Population (31 December 2003)
- • Total: 4,642
- • Density: 56.27/km^{2} (145.7/sq mi)
- Demonym: Carpinesi
- Time zone: UTC+1 (CET)
- • Summer (DST): UTC+2 (CEST)
- Postal code: 71010
- Dialing code: 0884
- Patron saint: Saint Cyril

= Carpino =

Carpino (Pugliese: Carpìne) is a coastal town and comune of the Italian region of Apulia, lying on the Gargano peninsula.

The town's name has been linked to the rebirth of the traditional folk songs of Gargano, which have artistic value and deserve to be preserved and studied.
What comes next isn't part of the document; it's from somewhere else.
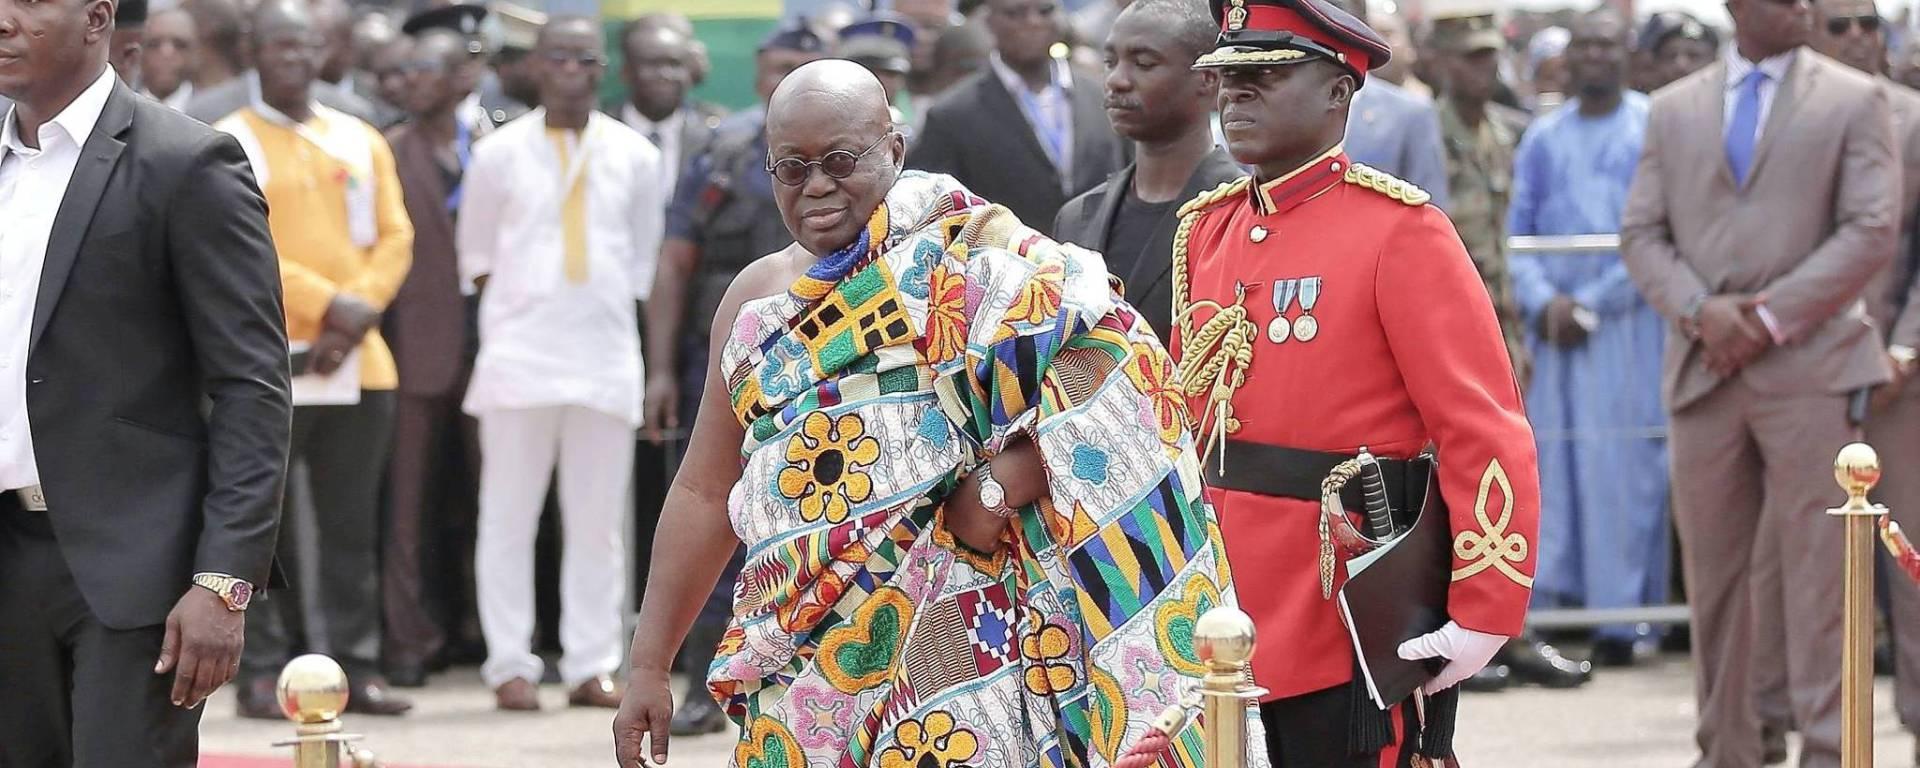 110 ministres pour un pays comme le Ghana, it's too  much!

The group "Cantori di Carpino" (Carpino Singers), by reinterpreting ancient tarantellas, has enabled the development of a broadly articulated project regarding the traditional popular music of southern Italy.
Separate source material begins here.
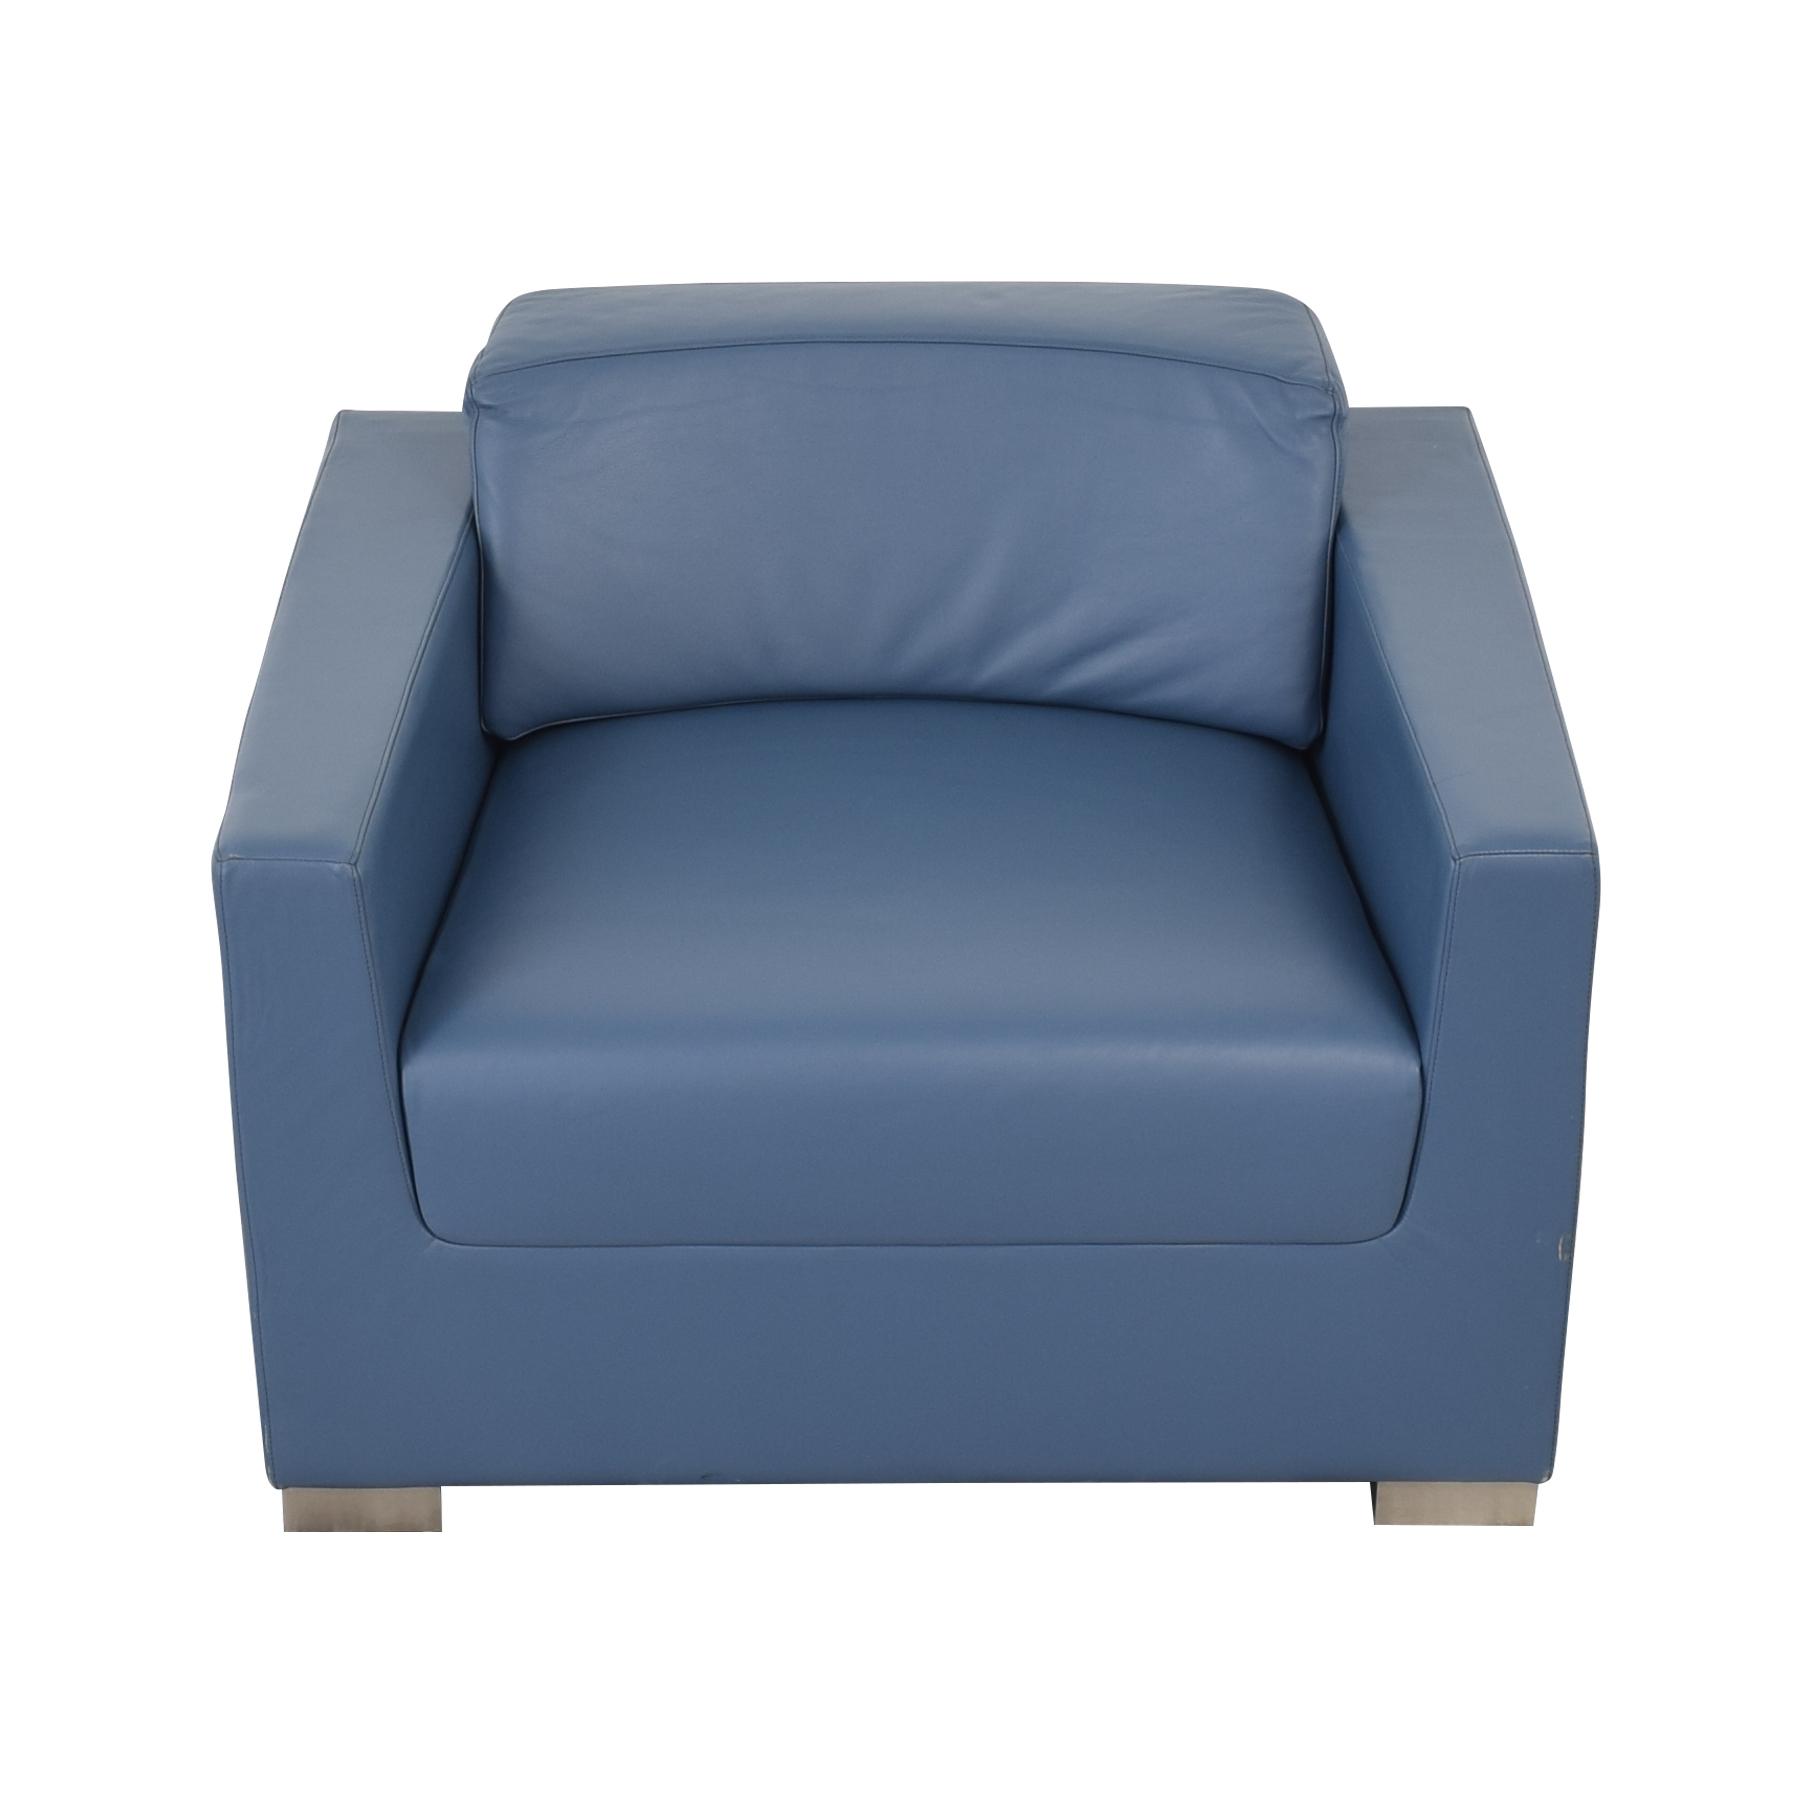 Bernhardt Bernhardt Design Blue Leather Arm Chair coupon

The town's main square, now called the "Piazza del Popolo", or People's Square, is the historic home of the folk music festival and its influences. The Carpino Folk Festival is an event that includes several cultural elements, brought together under a single symbol, with the performing arts, and especially music, dance, and theater with popular roots, but also workshops, conferences, roundtables, workshops, presentations of literature and cinema, with a full program of live performances, original and energetic, showing the richness and musical diversity of an area that has many natural resources, as well as landscape and historical importance. The festival has high artistic achievements and standards, although it has not yet fully exploited its material in a structured, integrated and accessible way, to represent real strategic factors in economic and social development.
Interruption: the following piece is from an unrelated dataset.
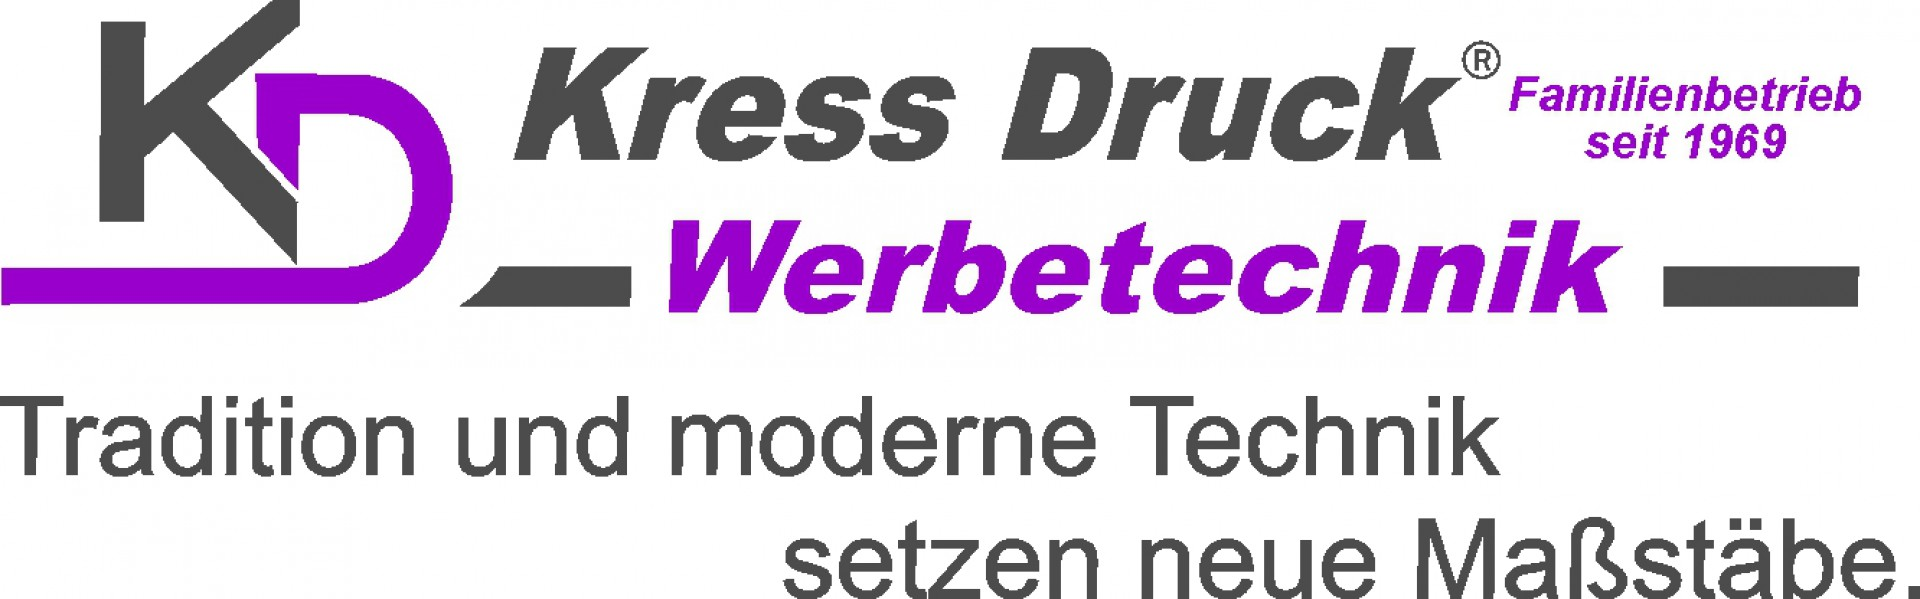 Kress Druck & Werbetechnik Bergrheinfeld

Standing on a hill which has many well tended olive trees, Carpino has been dubbed "Città dell’olio" (Oil Town) because of its business of producing olive oil. Noteworthy are the archaeological site of the "grotte di Minutille" (the Minutille caves), the Church of the Holy Cross, the Church of Saint George, and the Church of Saint Cyril.

==History==
The town is first mentioned in historical records in 1158, in a bull of pope Adrian IV, with which the abbey of Monte Sacro obtained privileges on the church of St. Peter e St. Mary near the "castellum capralis", a location identifiable as the municipality, as subsequently confirmed from historical documents.